When I was little, I would often find my mother sitting in bed under the covers, with pens and markers all around her, highlighting through the heaviest medical textbooks. When I was five years old, my father and I went to visit her in the apartment where she was living for several months, so she could focus on studying for her exams. There seemed to be nothing so glamorous or romantic in the world as a mother who lived alone in an apartment with her colored pens and books. I wanted to grow up to be like her. I wanted to live in an apartment, too, with no one around to bother me. I loved to visit her there.
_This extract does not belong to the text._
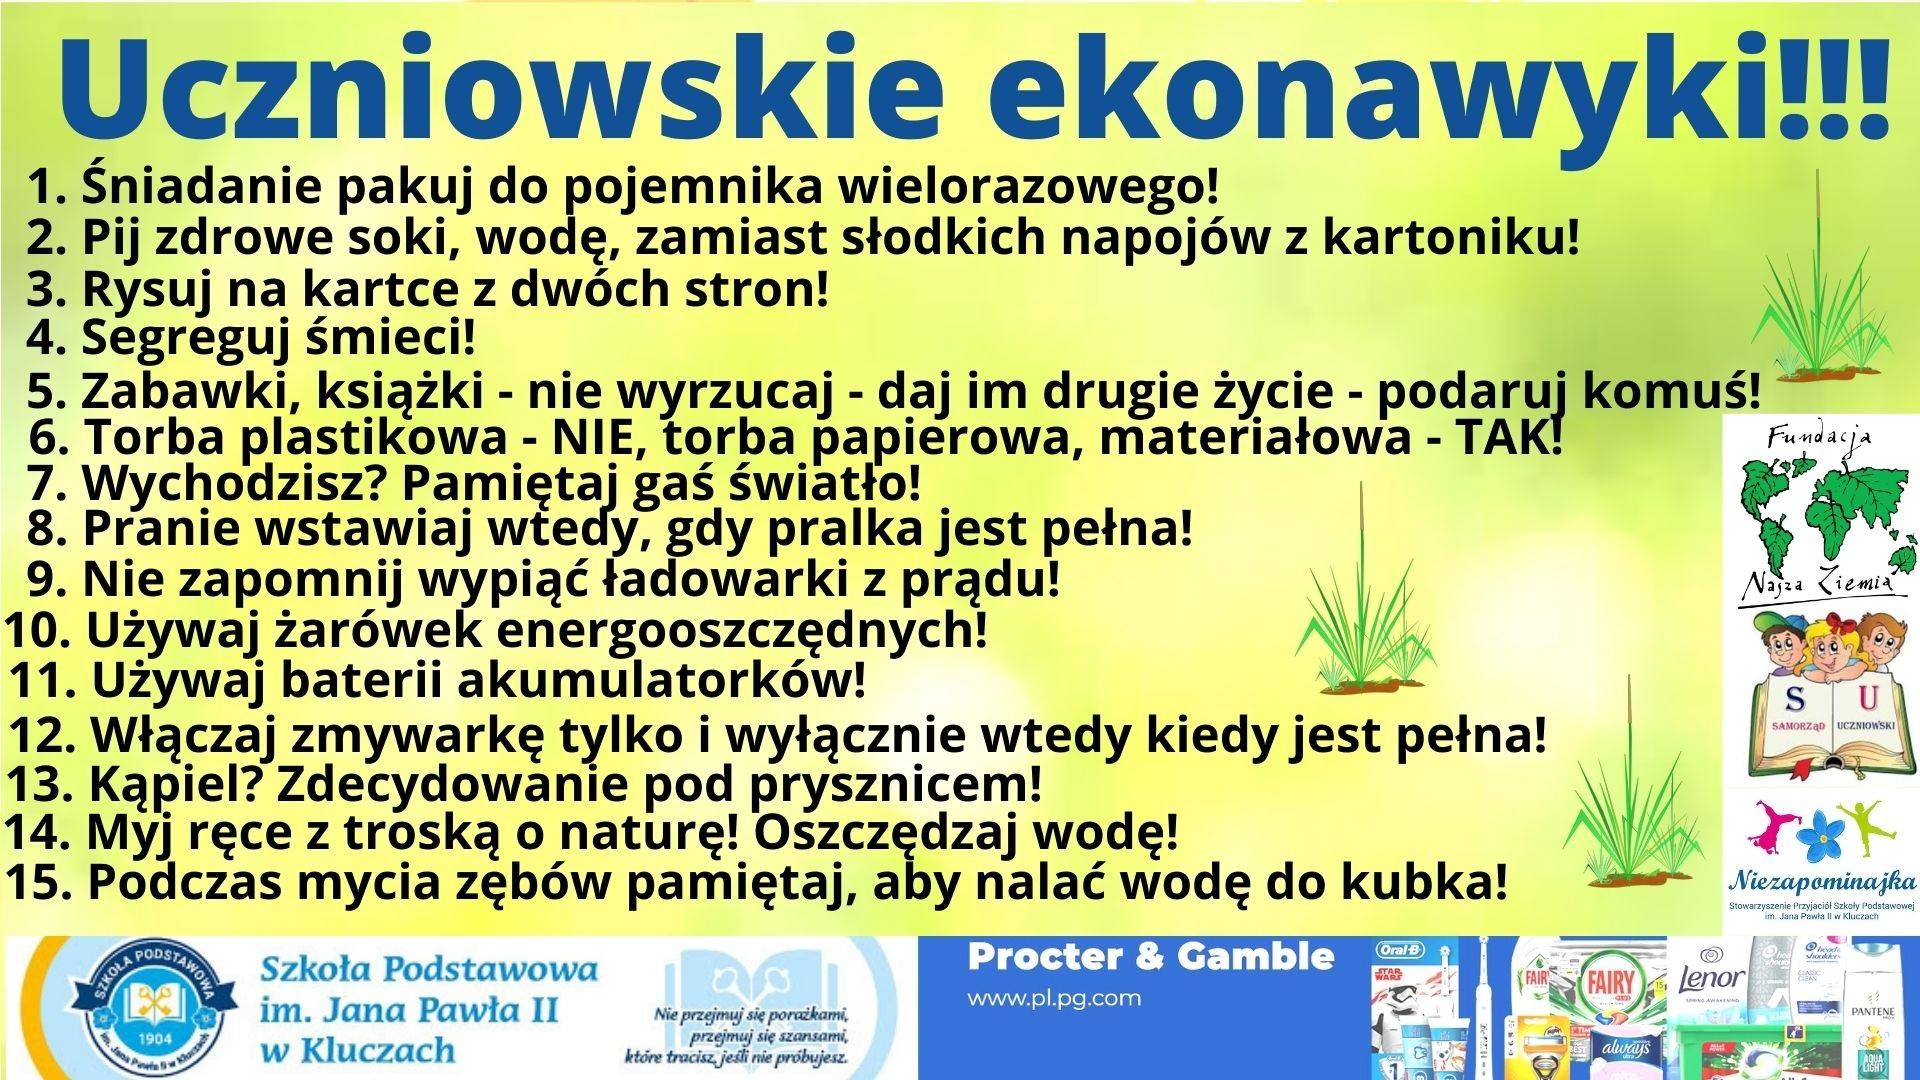 plakat onformujący o uczniowskich ekonawykach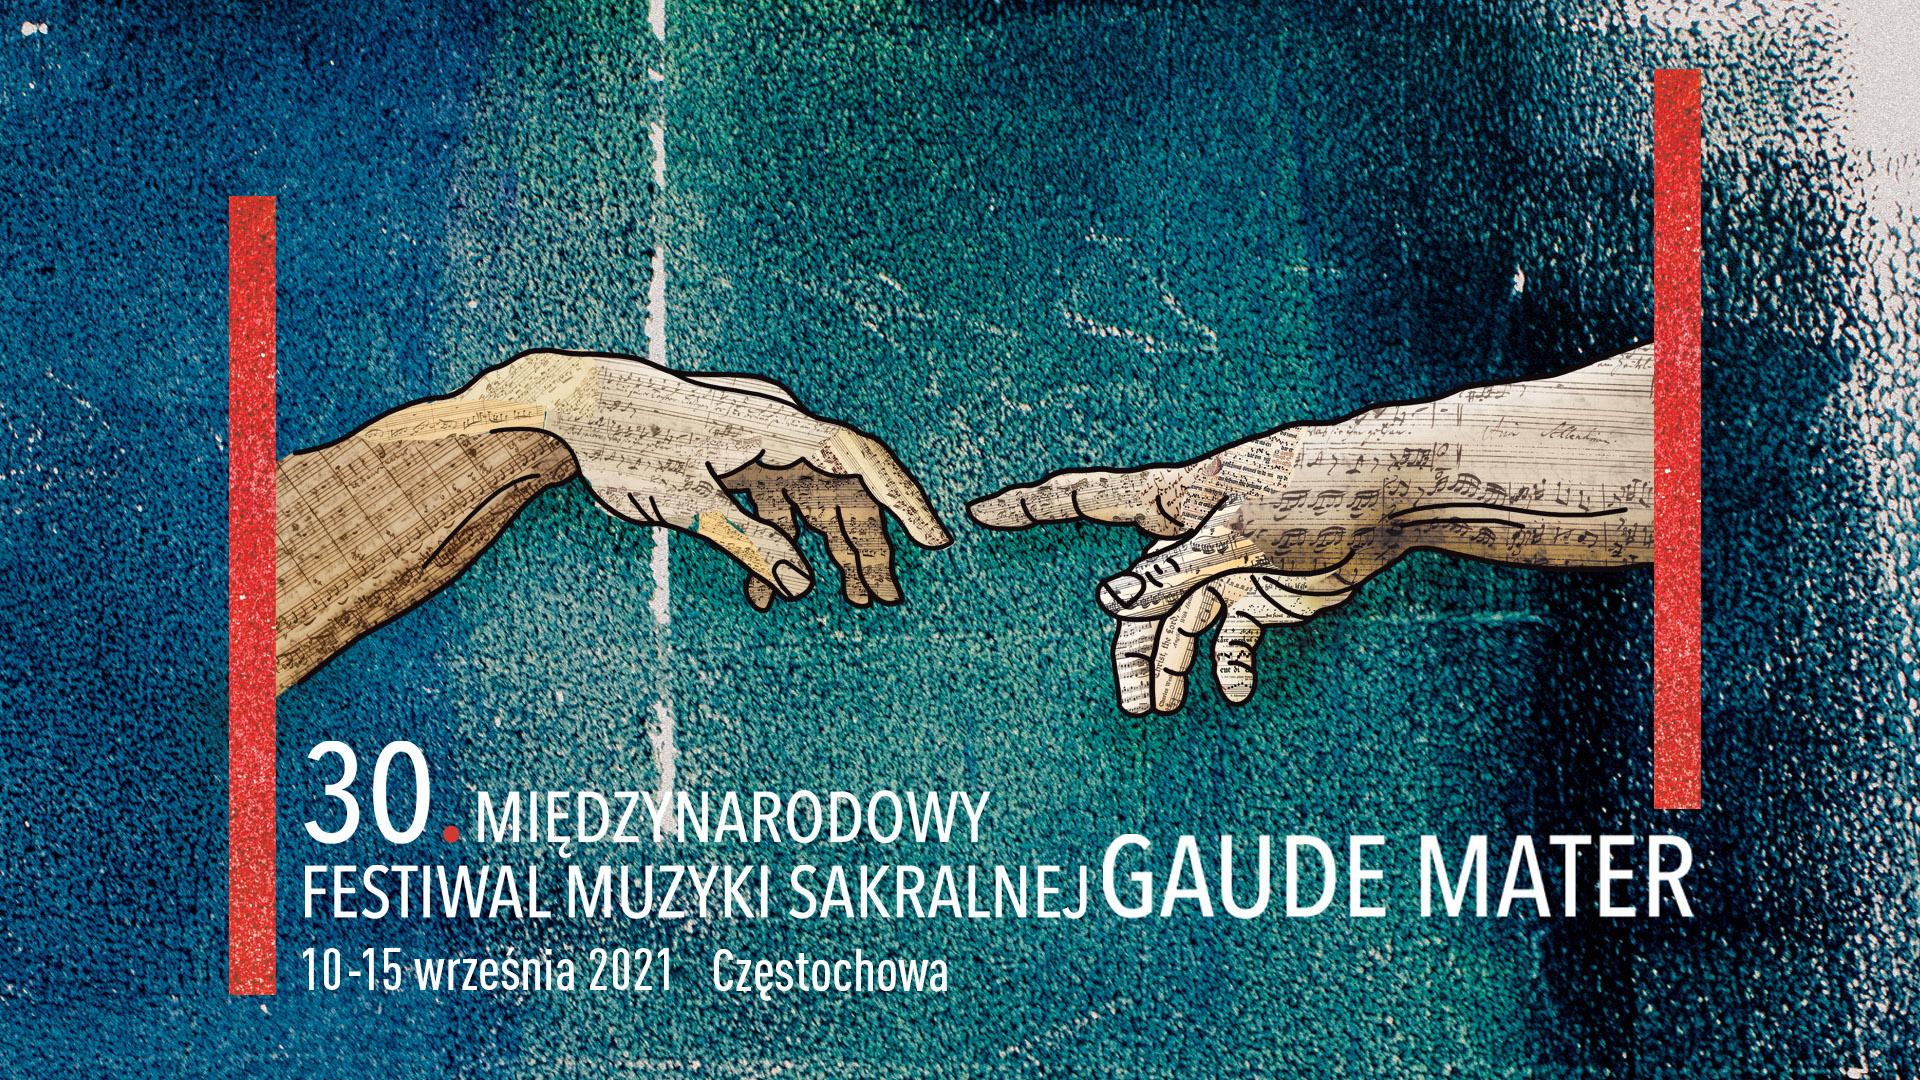 30. Międzynarodowy Festiwal Muzyki Sakralnej Gaude Mater 2021

  My mother put all of herself into her work and let our father raise my brother and me. It was wonderful to have such a loving father, and strange to have a mother who was hardly there. I resented how the world spoke of mothers; what they assumed of mothers and what they assumed of fathers. My father was like the other kids’ mothers. He came with us on class trips. He knew the names of all my friends and every one of my teachers. He took me to birthday parties and the ballet. He arrived home from work hours before my mother did, and never worked on weekends. I remember racing down the hall when he would come in through the front door after work, setting his briefcase down, and I—wild and dizzy with love—would run into his arms.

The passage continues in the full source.